The research led by Dr Claire Paris, Professor at the University of Miami (UM) Rosenstiel School of Marine & Atmospheric Science was conducted at One Tree Island in the Great Barrier Reef.
Members of the research team had established earlier that reef fish larvae could discriminate between the odours of different nearby reefs while preferring the odour of the reef where they were settling. However, these experiments were done under controlled conditions in a shore-based laboratory.
"This establishes for the first time that reef fish larvae discriminate odour in situ," Atema said.

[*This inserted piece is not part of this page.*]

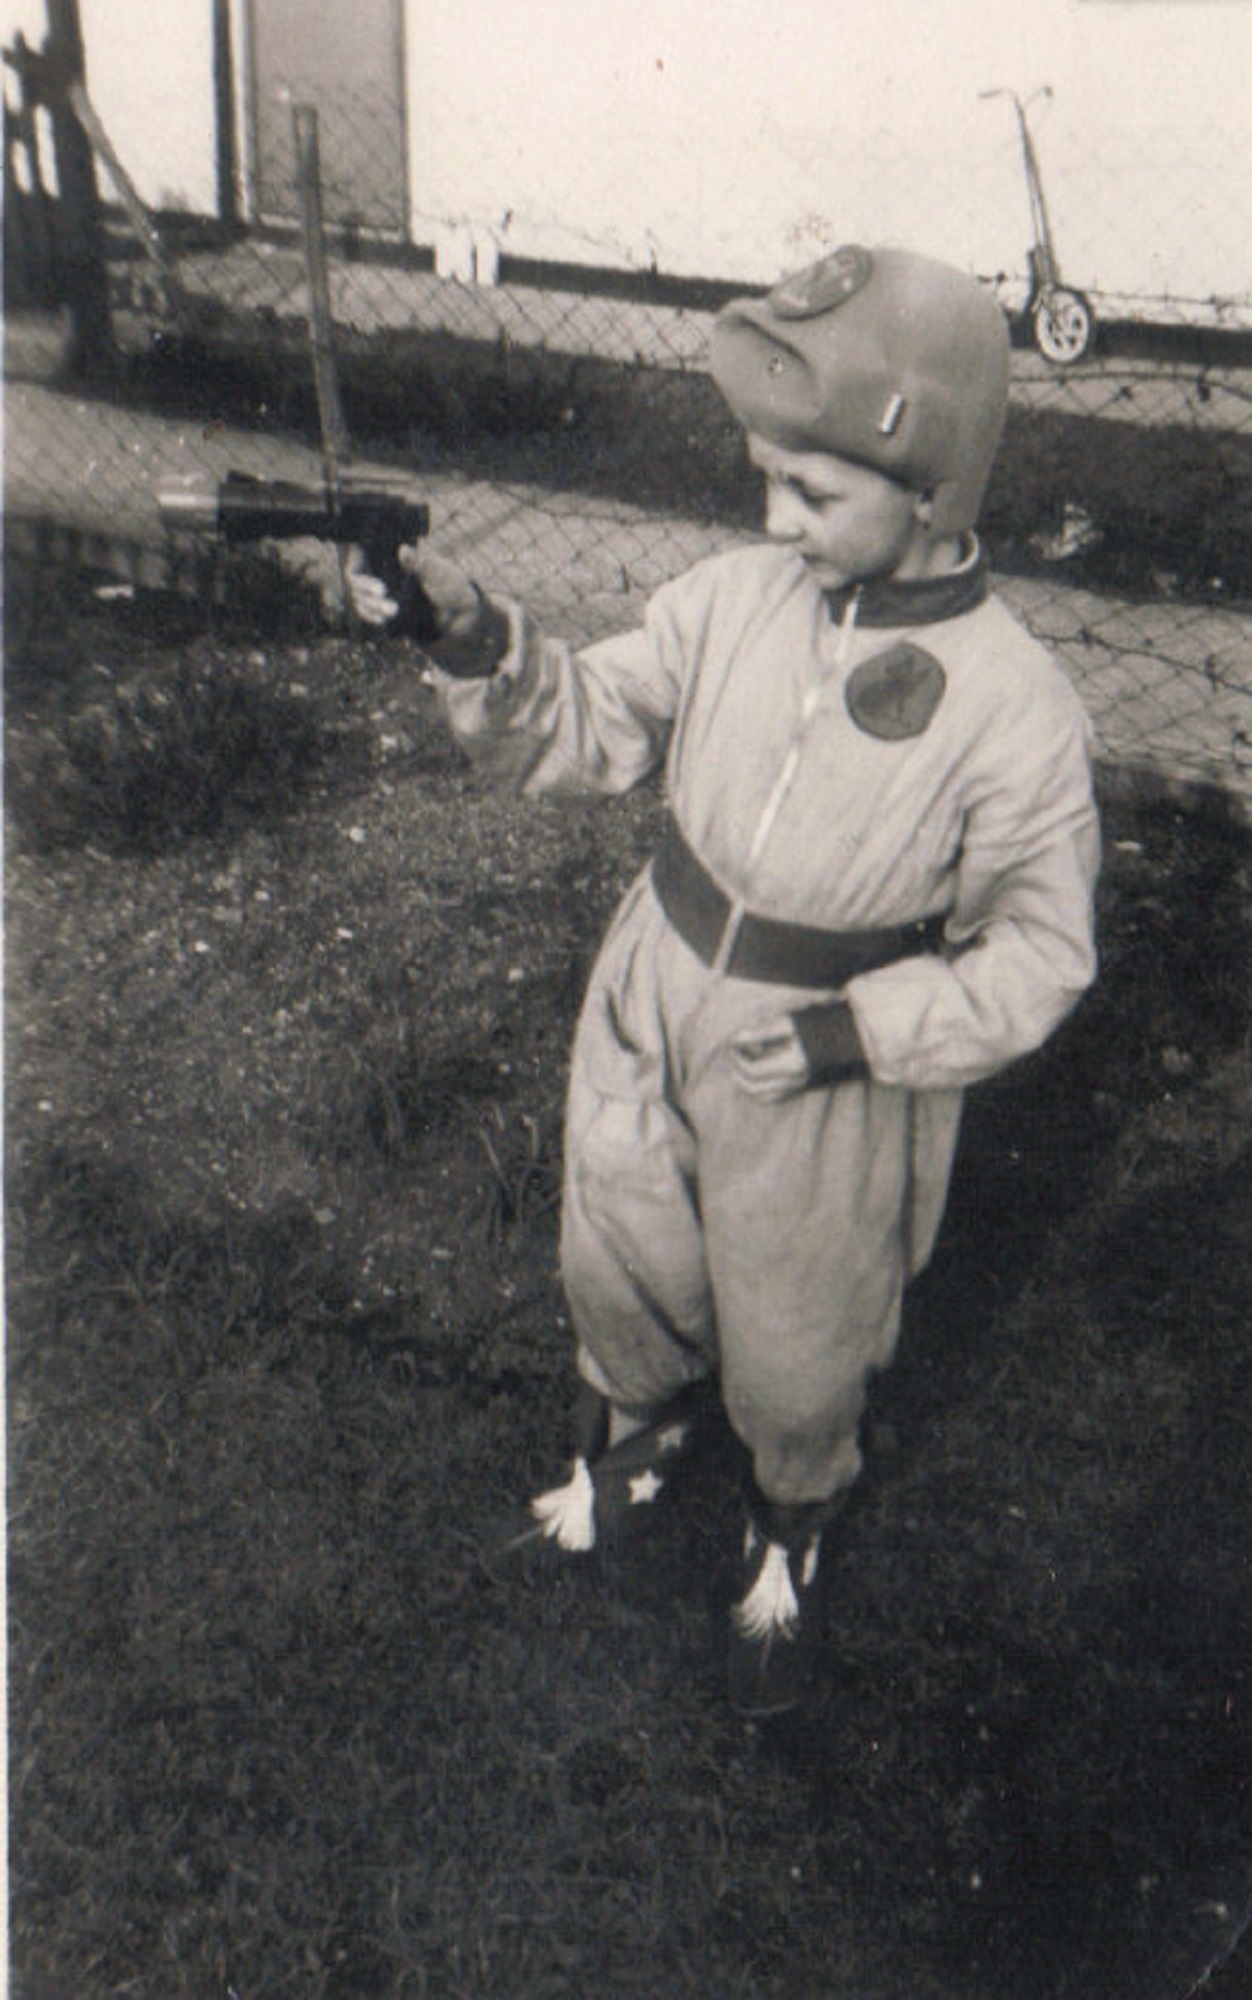 Terence dressed as a spaceman outside his prefab, Dartmouth Park Hill, London N19

Working with colleagues from Laboratoire Oceanographique de Villefranche, James Cook University and Oldenburg University, researchers tested the response of larvae in a natural open ocean setting using an outflow plume from One Tree Island.
Using light traps, the team collected settlement-stage larvae from cardinalfish and damselfish.
In deployments to the north and south of One Tree Island, single larvae were observed in the central chamber of an o-DISC (ocean Drifting In Situ Chamber), a device created in Paris' laboratory.
Species from the two reef-fish families reacted very differently to the olfactory stimulus. Cardinalfish tended to speed up their movement in response to odours in the plume, but their orientation toward the reef was not apparent.
They zigzag within the o-DISC chamber, which led the researchers to believe they were using infotaxis, or sporadic odour cues, in their attempt to orient.
Other fish, including mature sharks and freshwater juvenile salmon navigate using olfactory signals, but this is the first study to report that fish larvae use similar odour cues.
The study was published in the journal PLOS ONE.